*Input data*.
· · · · ·
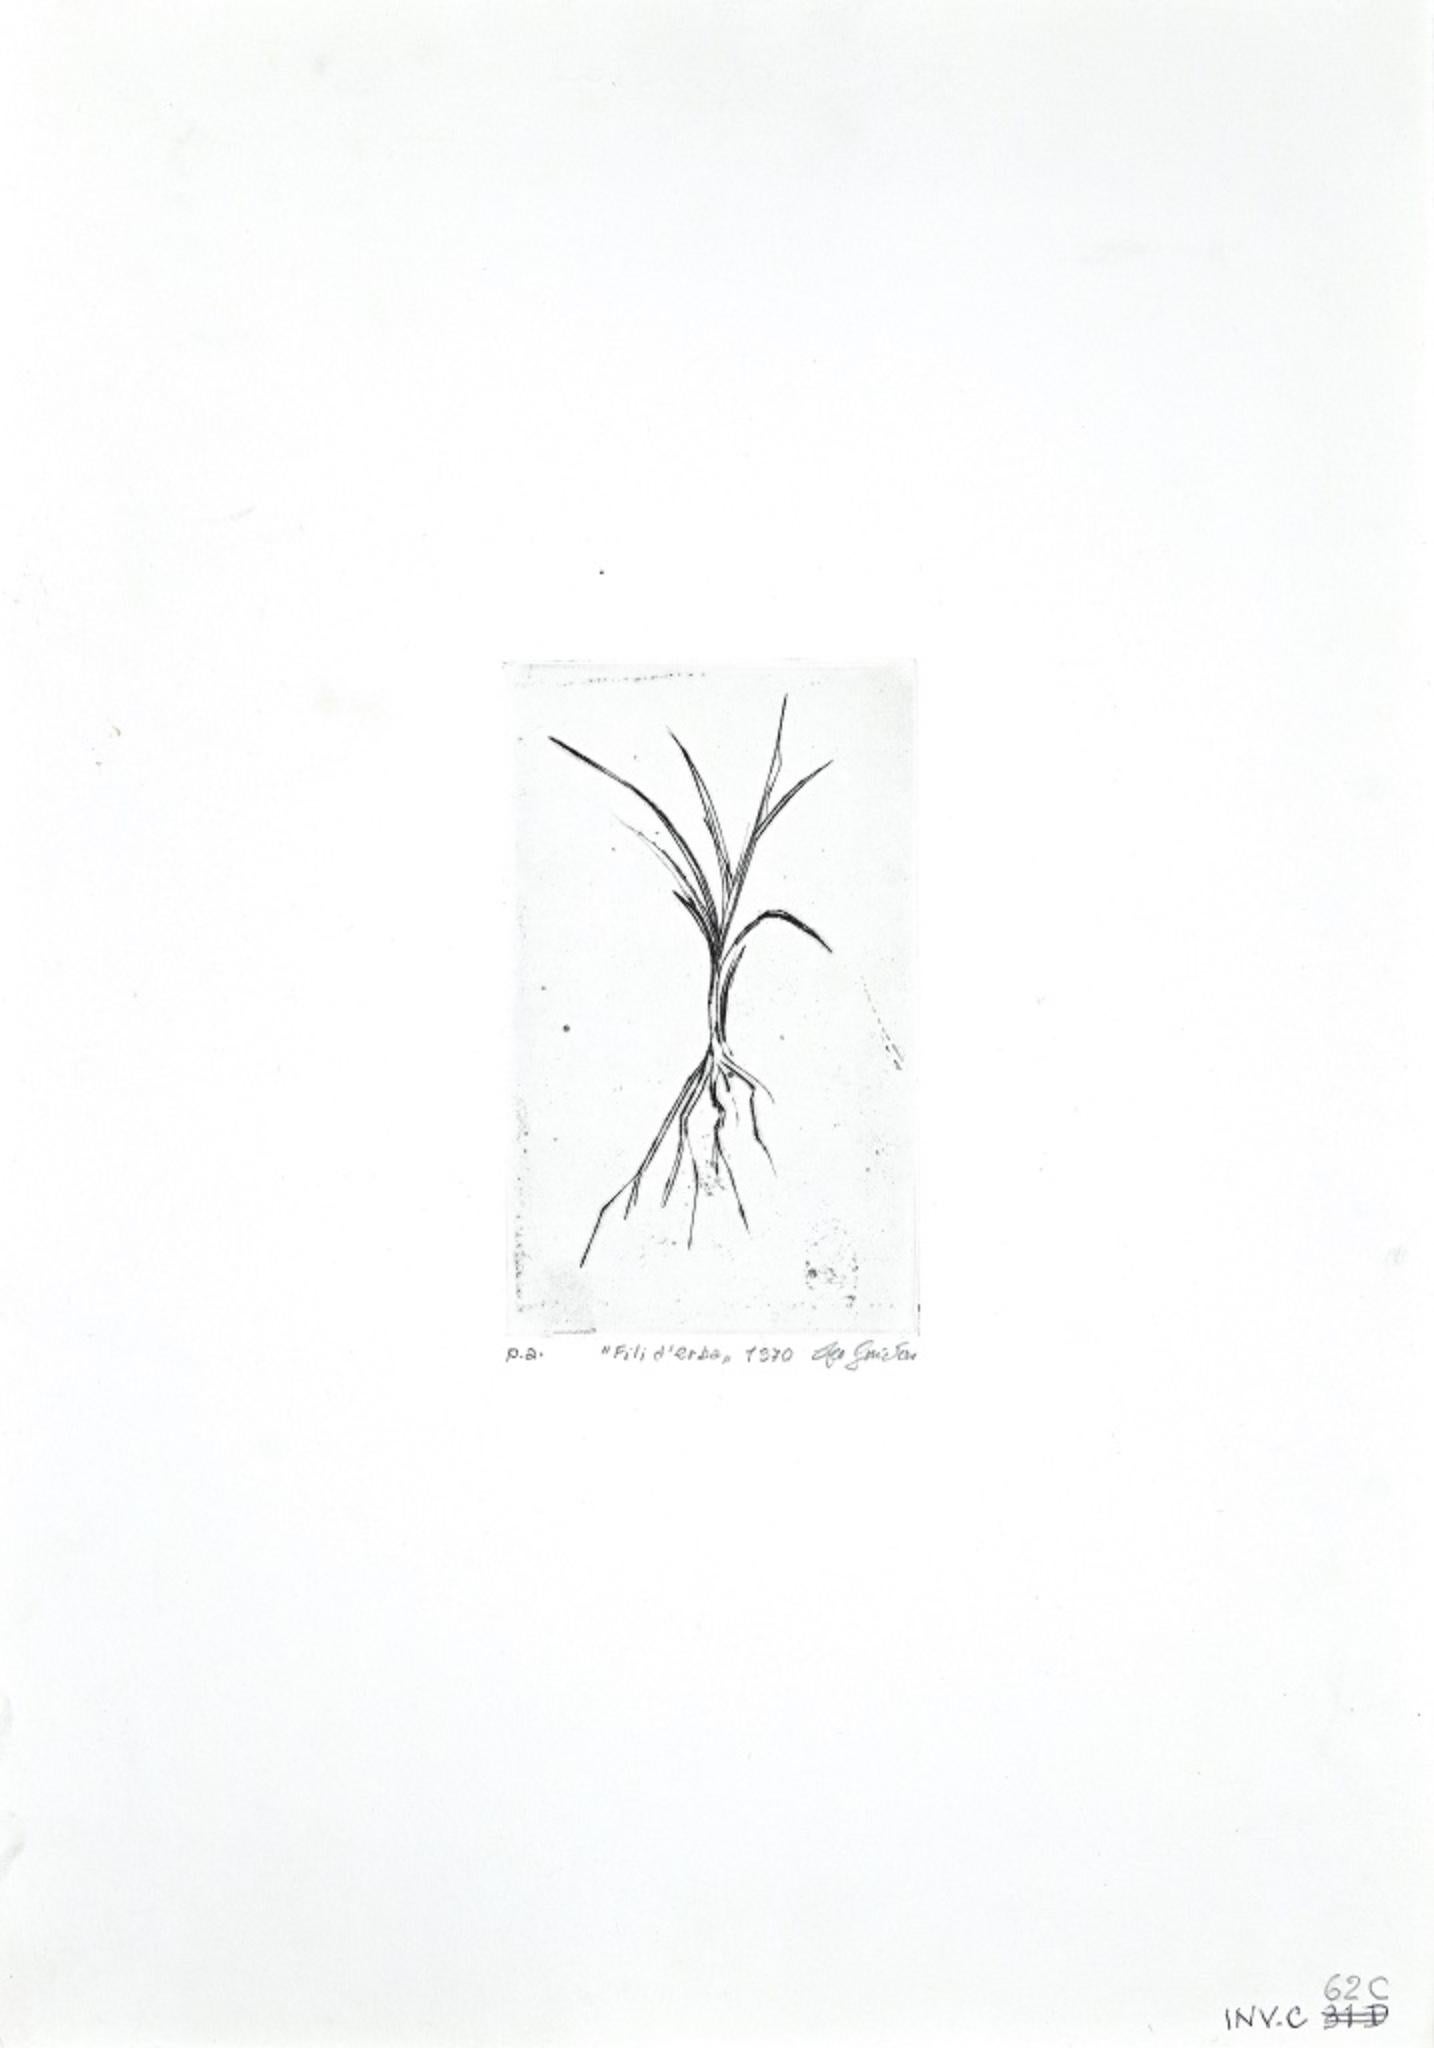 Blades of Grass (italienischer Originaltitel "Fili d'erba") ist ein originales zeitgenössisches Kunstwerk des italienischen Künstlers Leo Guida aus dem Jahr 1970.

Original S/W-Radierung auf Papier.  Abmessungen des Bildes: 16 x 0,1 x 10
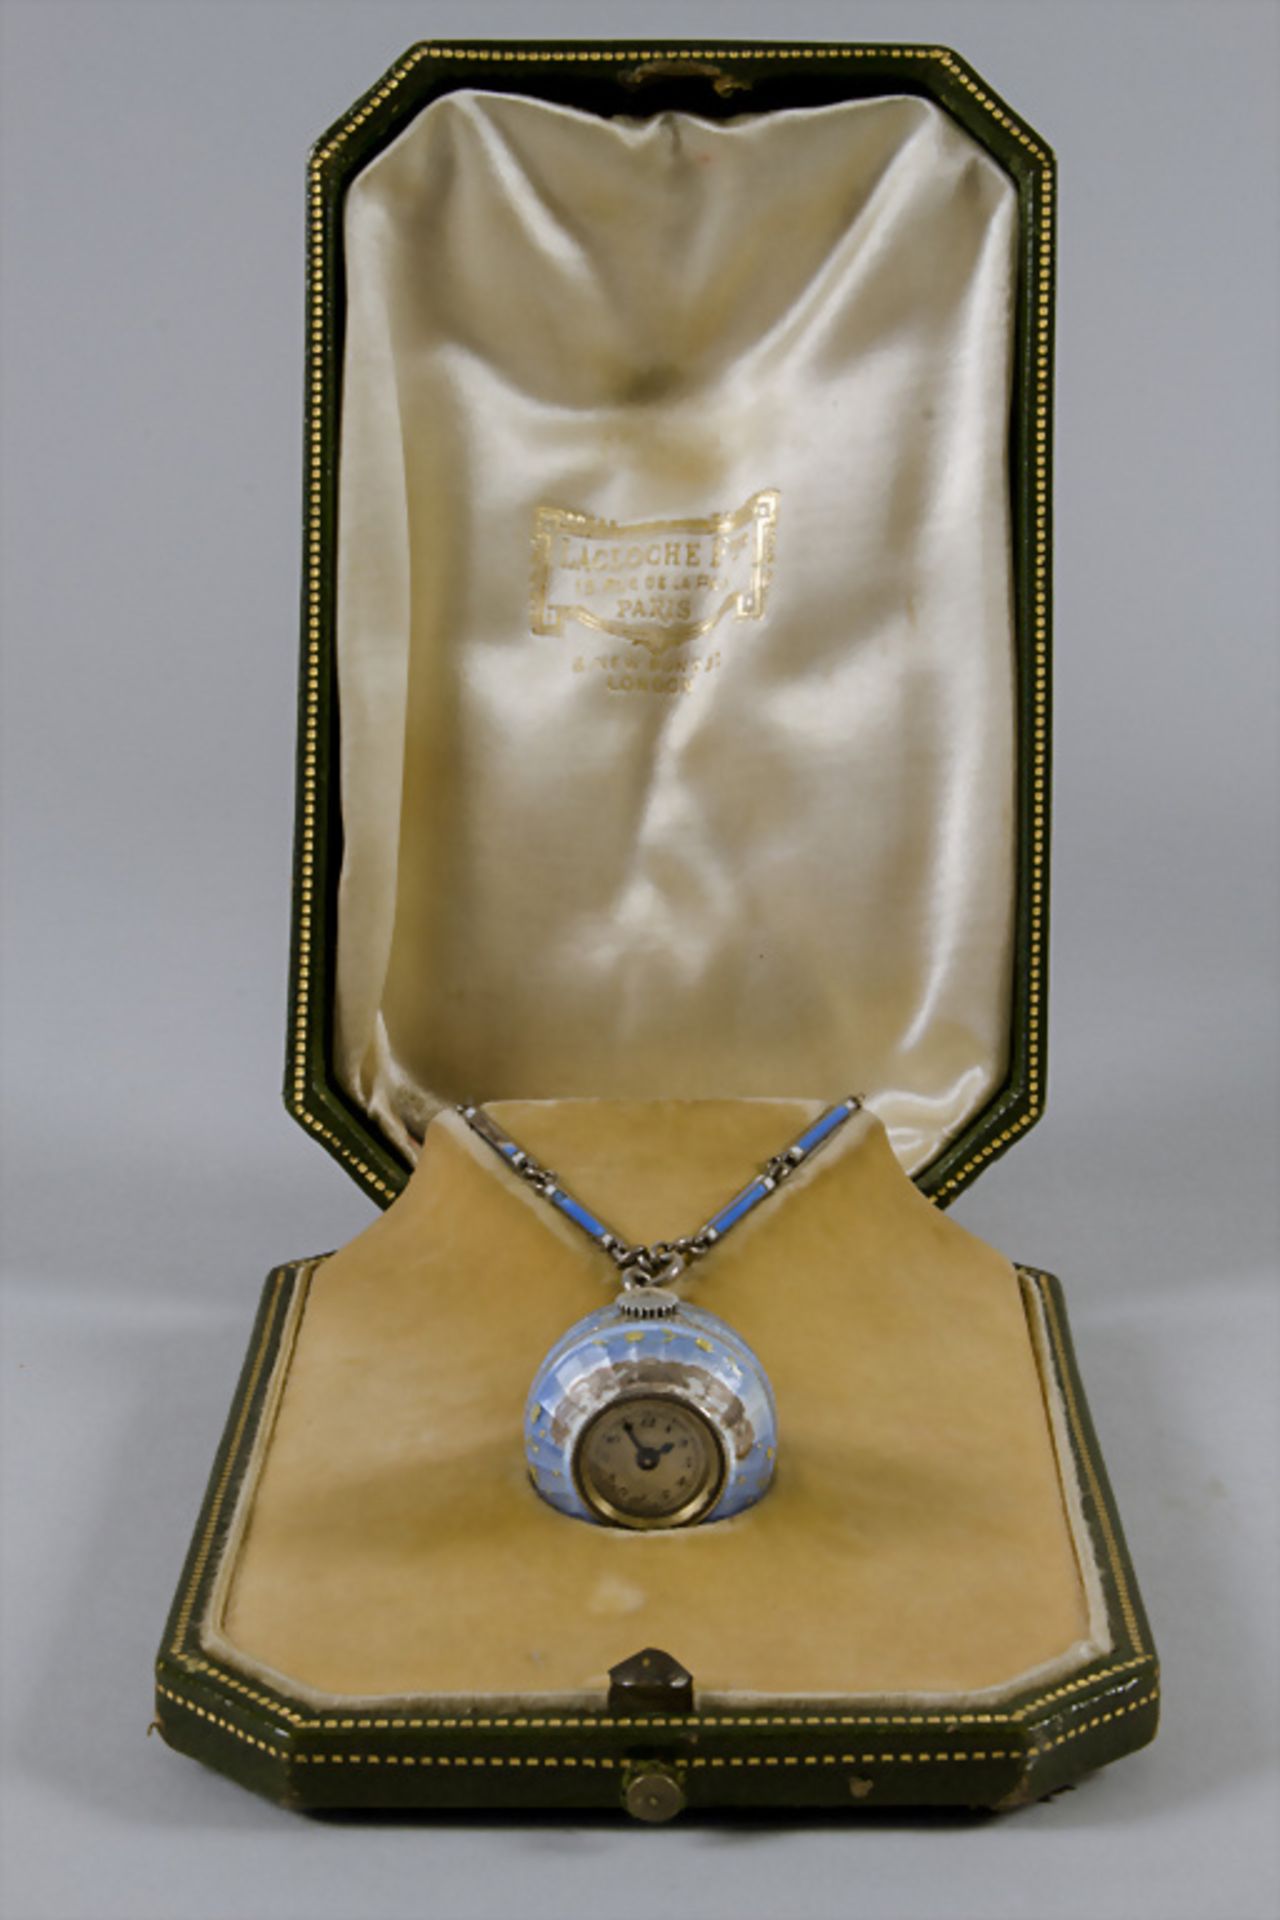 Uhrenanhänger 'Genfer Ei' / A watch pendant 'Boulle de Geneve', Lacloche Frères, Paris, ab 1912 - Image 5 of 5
· · · · ·
*Activity*.
Copy out the whole listing exactly. Skip its pictures.

*Solved exercise*.
 Blades of Grass (italienischer Originaltitel "Fili d'erba") ist ein originales zeitgenössisches Kunstwerk des italienischen Künstlers Leo Guida aus dem Jahr 1970.

Original S/W-Radierung auf Papier.  Abmessungen des Bildes: 16 x 0,1 x 10
 Uhrenanhänger 'Genfer Ei' / A watch pendant 'Boulle de Geneve', Lacloche Frères, Paris, ab 1912 - Image 5 of 5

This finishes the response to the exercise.